Unnamed: 0,county,bottles_sold_per_capita,avg_bottle_size
0,Dickinson,22,974.1
1,Polk,15,892.6
2,Black Hawk,15,862.9
3,Cerro Gordo,14,986.4
4,Scott,13,871.6
5,Johnson,13,895.4
6,Linn,12,886.3
7,Pottawattamie,11,893.7
8,Kossuth,11,1041.0


In [79]:
# Subquery
sql = """
SELECT *
FROM(SELECT counties.county, (SUM(bottle_qty) / counties.population) AS bottles_sold_per_capita,
ROUND(AVG(products.bottle_size), 1) AS avg_bottle_size
FROM counties
JOIN sales ON counties.county = sales.county
JOIN products ON sales.item = products.item_no
GROUP BY counties.county
ORDER BY bottles_sold_per_capita DESC
LIMIT 9) AS temp_table
LIMIT 1
"""

pd.read_sql_query(sql, engine)

Unnamed: 0,county,bottles_sold_per_capita,avg_bottle_size
0,Dickinson,22,974.1


**Prompt 9 Answer**:

In [None]:
# County, bottles sold, av. bottle size
# Dickinson, 22, 974.1
# Polk,	15,	892.6
# Black Hawk, 15, 862.9
# Cerro Gordo,	14,	986.4
# Scott,	13,	871.6
# Johnson,	13,	895.4
# Linn, 12,	886.3
# Pottawattamie,	11,	893.7
# Kossuth,	11,	1041.0

### Prompt 10
 
In the **sales** table, examine the relationship between three columns:
- **btl_price**
- **bottle_qty**
- **total** 

The total column should equal **btl_price** multiplied by **bottle_qty**. 

How many transactions have a value of **total** that is _not equal_ to **btl_price** times **bottle_qty**?

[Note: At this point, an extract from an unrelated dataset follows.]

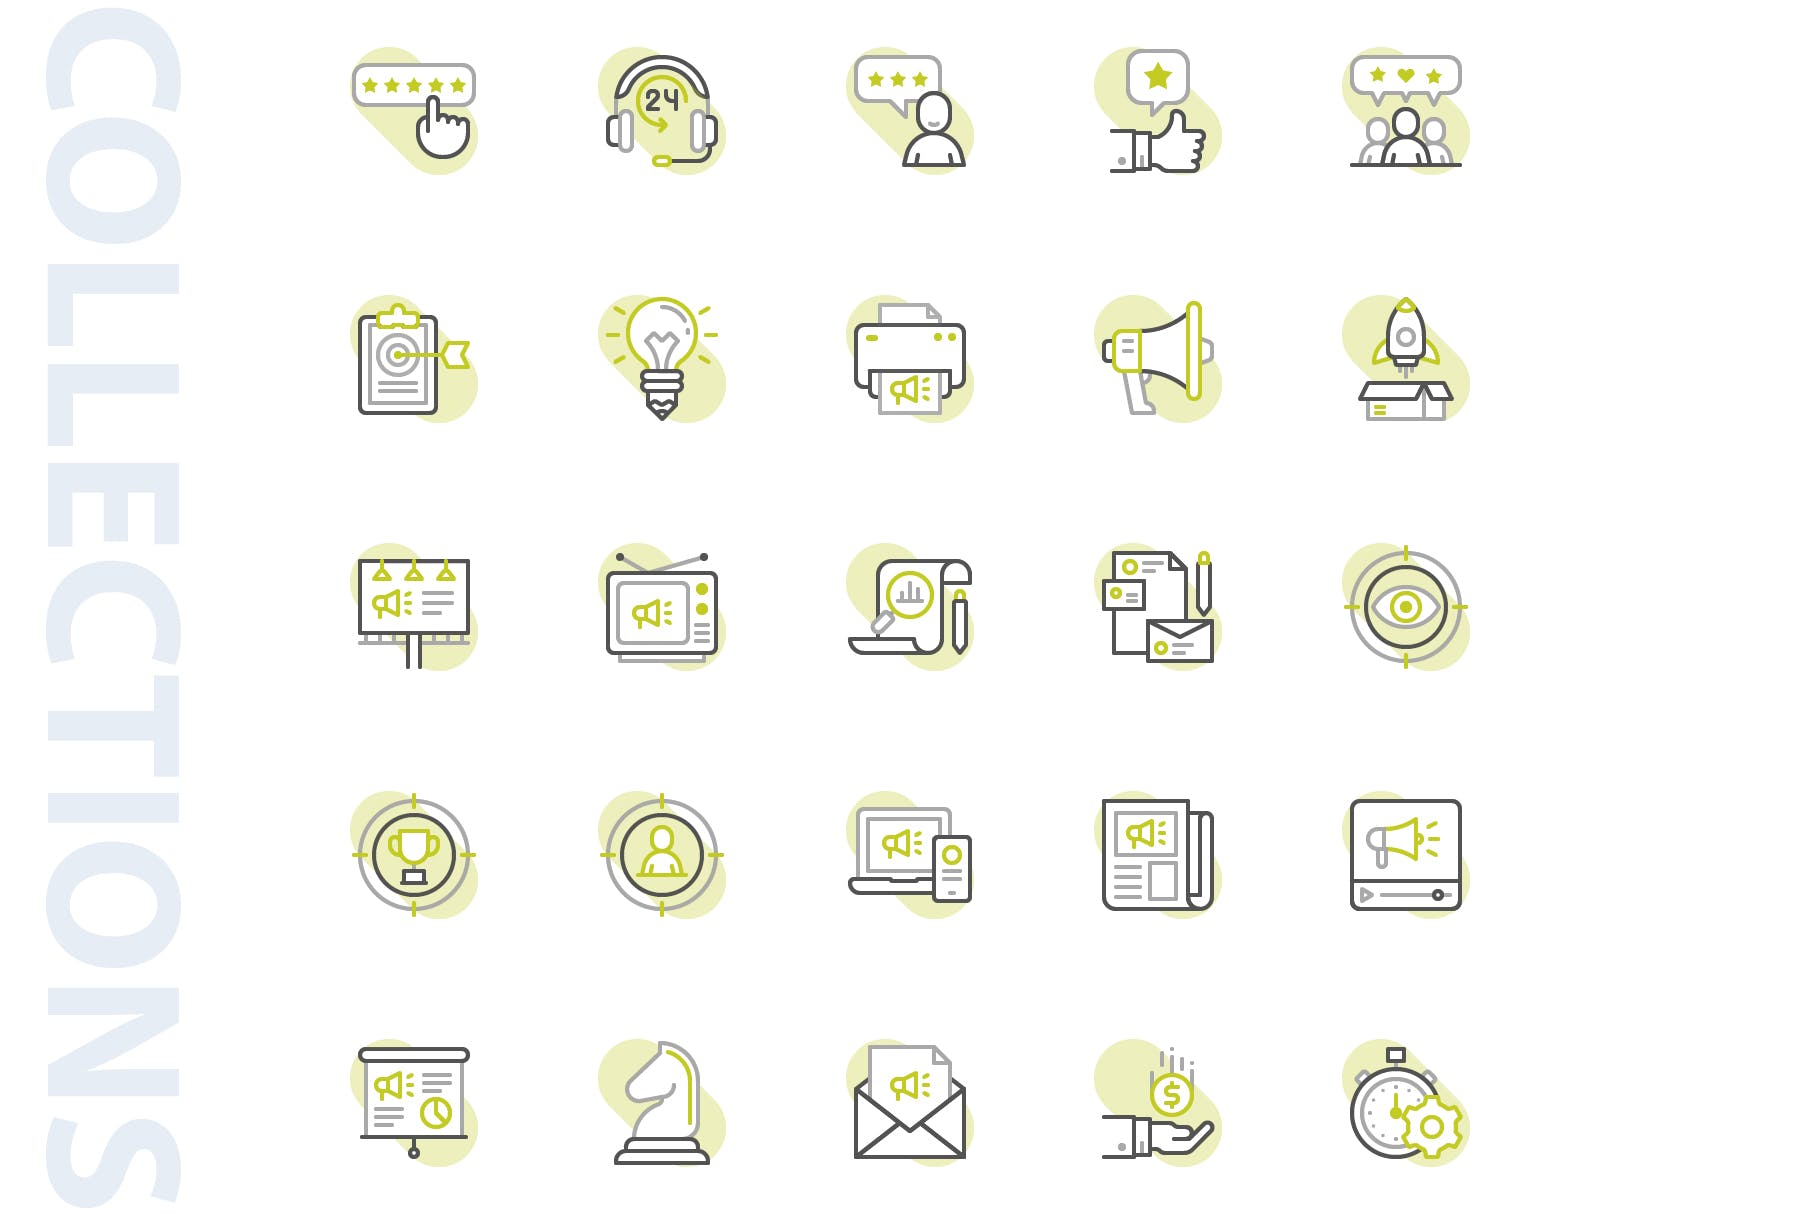 25枚市场营销主题矢量阴影蚂蚁素材精选图标 Marketing Shape Icons插图(3)

Note: You'll need to convert the **total** column to type [**money**](https://www.postgresql.org/docs/current/datatype-money.html) for proper comparison.

In [75]:
# Use a SQL query to find the answer to the above prompt

sql = """
SELECT COUNT(*)
from sales
WHERE total::money != (btl_price * bottle_qty)
"""

pd.read_sql_query(sql, engine)

Unnamed: 0,count
0,0


**Prompt 10 Answer**:

In [None]:
# There are no rows that have descrepancies in price.